A deputada do CDS-PP Ana Rita Bessa renunciou ao mandato, com efeitos a partir de 4 de outubro. Ao que a TVI24 conseguiu apurar, a deputada vai fazer a sua última intervenção no plenário da Assembleia da República na próxima quinta-feira. 

Ana Rita Bessa já enviou uma carta ao presidente do partido, Francisco Rodrigues dos Santos, a comunicar a decisão e quais as razões, assim como também já informou o líder parlamentar, Telmo Correia. 
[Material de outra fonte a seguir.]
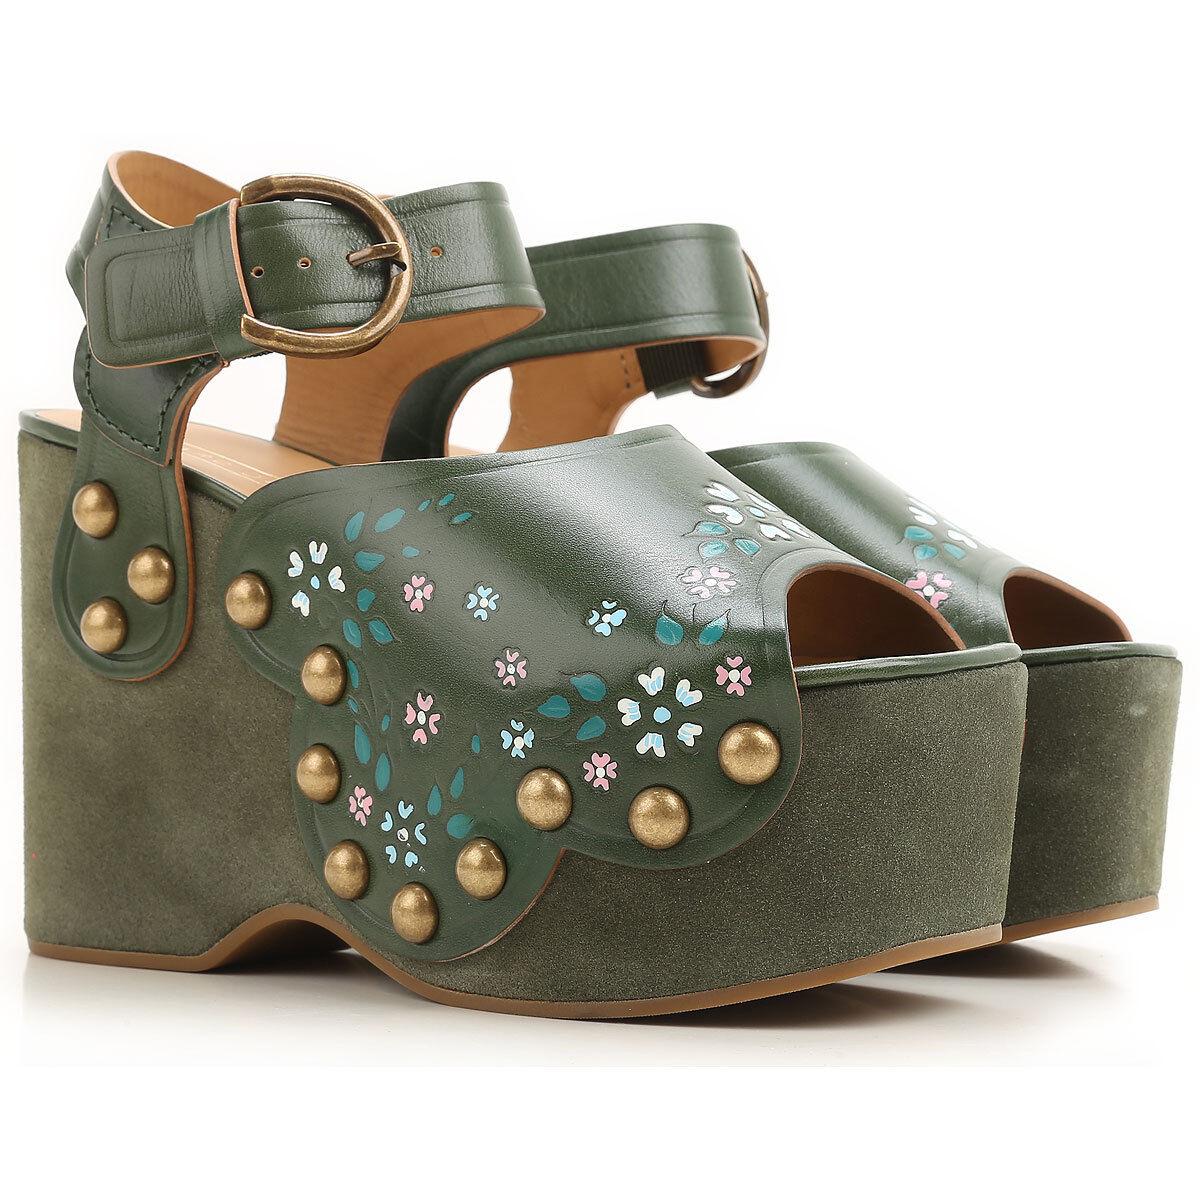 Marc Jacobs Sandalo dawn, Dawn wedge sandals | Vendita Calda  | Scolaro/Signora Scarpa

Ora, para a substituir segue-se na lista a médica Isabel Galriça Neto, mas esta já fez saber ao Observador que não tem intenções de regressar ao Parlamento enquanto deputada. Galriça Neto foi escolhida por Carlos Moedas como candidata a presidente da Assembleia Municipal de Lisboa. 

Não vou por razões pessoais e por questões que se prendem com o facto de assumir agora o novo desafio na Câmara de Lisboa. Reitero que não vou assumir o lugar que a deputada Ana Rita Bessa tão bem assumiu nos últimos anos", afirmou.

Seguindo a ordem da lista de deputados, segue-se Sebastião Bugalho. Caso o comentador da TVI não aceite o convite, o número sete da lista é Diogo Moura, líder da concelhia do CDS/Lisboa e recém-eleito vereador também na equipa de Carlos Moedas.

Recorde-se que Ana Rita Bessa foi eleita deputada pelo círculo de Lisboa em 2019, na lista que era encabeçada por Assunção Cristas, na altura líder do partido. 

A renúncia ao mandato de deputada foi um dos temas levados à reunião desta terça-feira da Comissão de Transparência e Estatuto dos Deputados, tendo o presidente indicado que tem efeitos a partir de 4 de outubro, segunda-feira.

Jorge Lacão ressalvou que "o CDS não se revelou ainda apto para poder designar qual é, na ordem da lista, a pessoa que substituirá" a parlamentar centrista, situação corroborada pelo coordenador do CDS na comissão, o deputado João Almeida: "continuamos a não estar aptos para indicar quem assumirá o mandato".

O deputado democrata-cristão salientou também o facto de "ter havido pessoas que estão na lista que foram eleitas para cargos" nas eleições autárquicas de domingo e defendeu que "isso complica o processo de substituição".